Direct Selection of Conserved cDNAs from the DiGeorge Critical Region: Isolation of a Novel CDC45-Like Gene

Judith M McKie 1,1, Roy B Wadey 1,1, Helen F Sutherland 1, Catherine L Taylor 1, Peter J Scambler 1,2
PMCID: PMC310757  PMID: 9724329

Abstract

We have used a modified direct selection technique to detect transcripts that are both evolutionary conserved and developmentally expressed. The enrichment for homologous mouse cDNAs by use of human genomic DNA as template is shown to be an efficient and rapid approach for generating transcript maps. Deletions of human 22q11 are associated with several clinical syndromes, with overlapping phenotypes, for example, velocardiofacial syndrome (VCFS) and DiGeorge syndrome (DGS). A large number of transcriptional units exist within the defined critical region, many of which have been identified previously by direct selection. However, no single obvious candidate gene for the VCFS/DGS phenotype has yet been found. Our technique has been applied to the DiGeorge critical region and has resulted in the isolation of a novel candidate gene, Cdc45l2, similar to yeast Cdc45p.

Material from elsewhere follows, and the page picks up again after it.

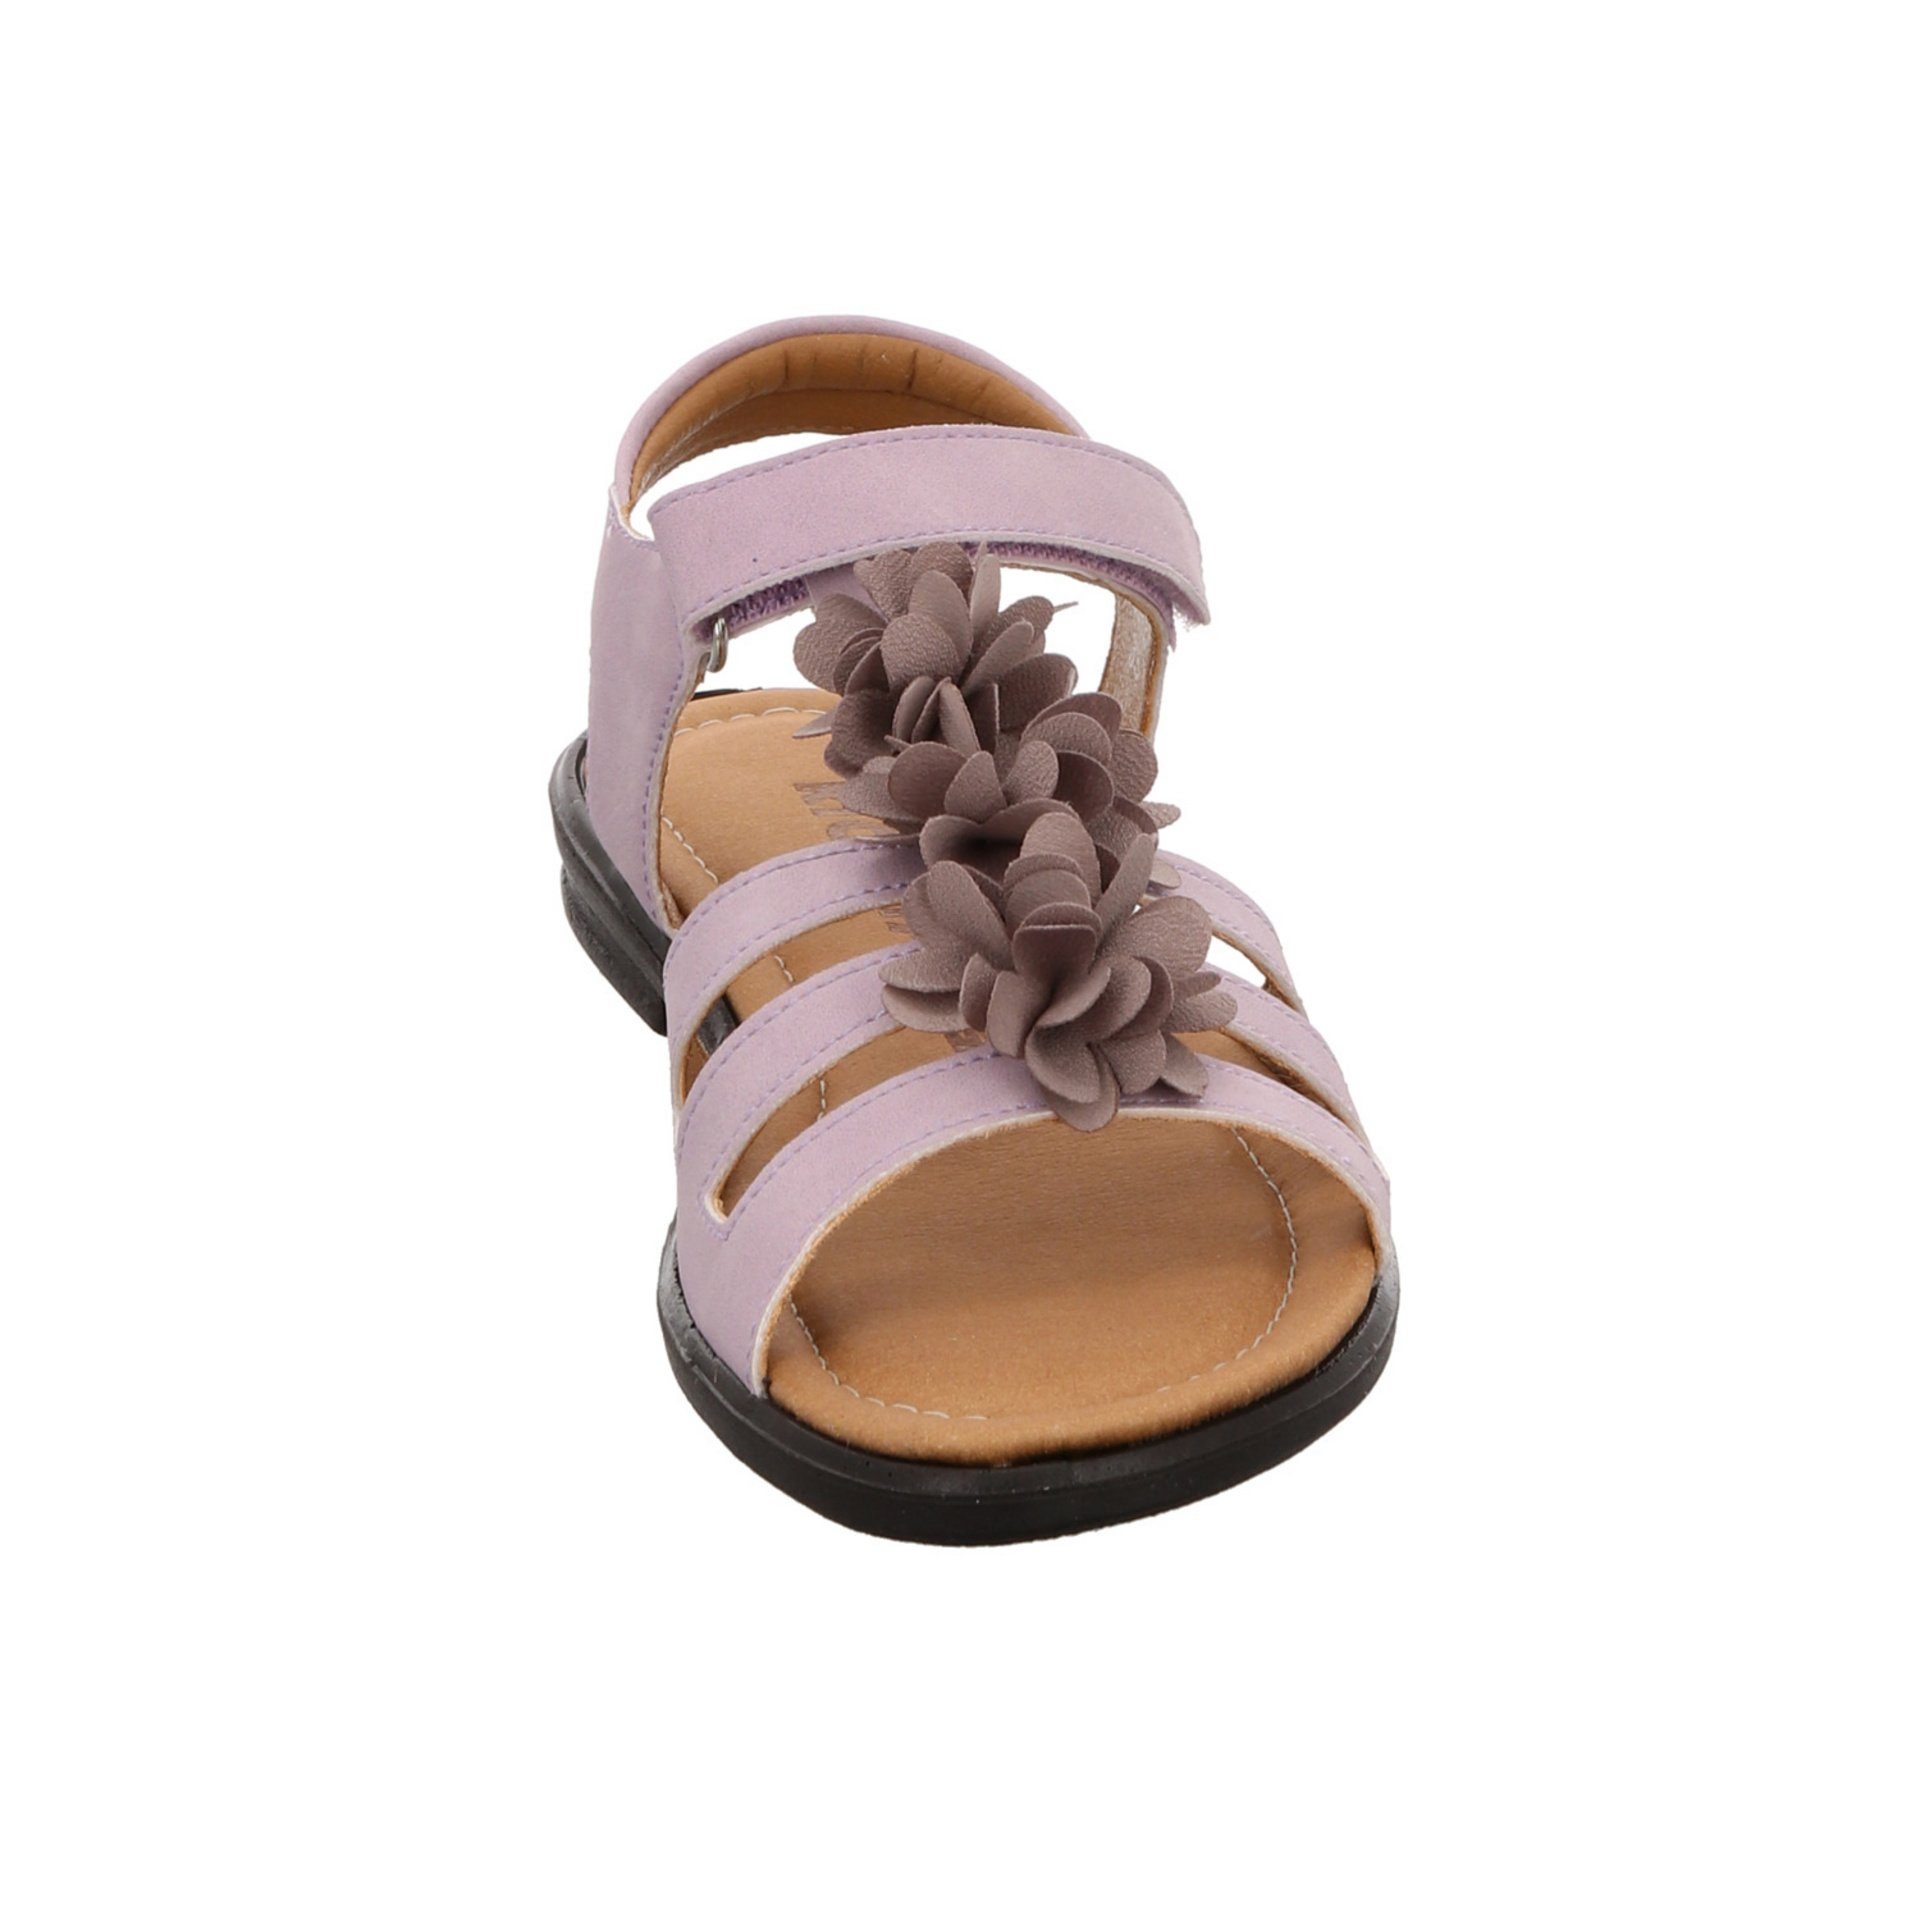 Schuhe Sandale Synthetik Mädchen Sandalen hell Ricosta Sandale Aurora rot+lila

[The sequence data described in this paper have been submitted to the EMBL data library under accession nos. AJ0223728 and AF0223729.]

Deletions of chromosome 22q11 are among the most common structural chromosome abnormalities in man, with an estimated incidence of 1 in 4000–5000 newborns (Scambler 1993). The phenotypic spectrum associated with these deletions is broad and includes DiGeorge syndrome (DGS) and velocardiofacial syndromes (VCFS) (de la Chapelle et al. 1981; Scambler et al. 1992; Budarf and Emanuel 1997). Individual deletions are usually large, encompassing a commonly deleted region of 2–3 Mb (Lindsay et al. 1995; Carlson et al. 1997). Mapping of balanced and unbalanced translocation breakpoints has identified the proximal part of the deletion as the DiGeorge critical region (DGCR) (Augusseau et al. 1986; Li et al. 1994; Budarf et al. 1995; Demczuk et al. 1995; Levy et al. 1995).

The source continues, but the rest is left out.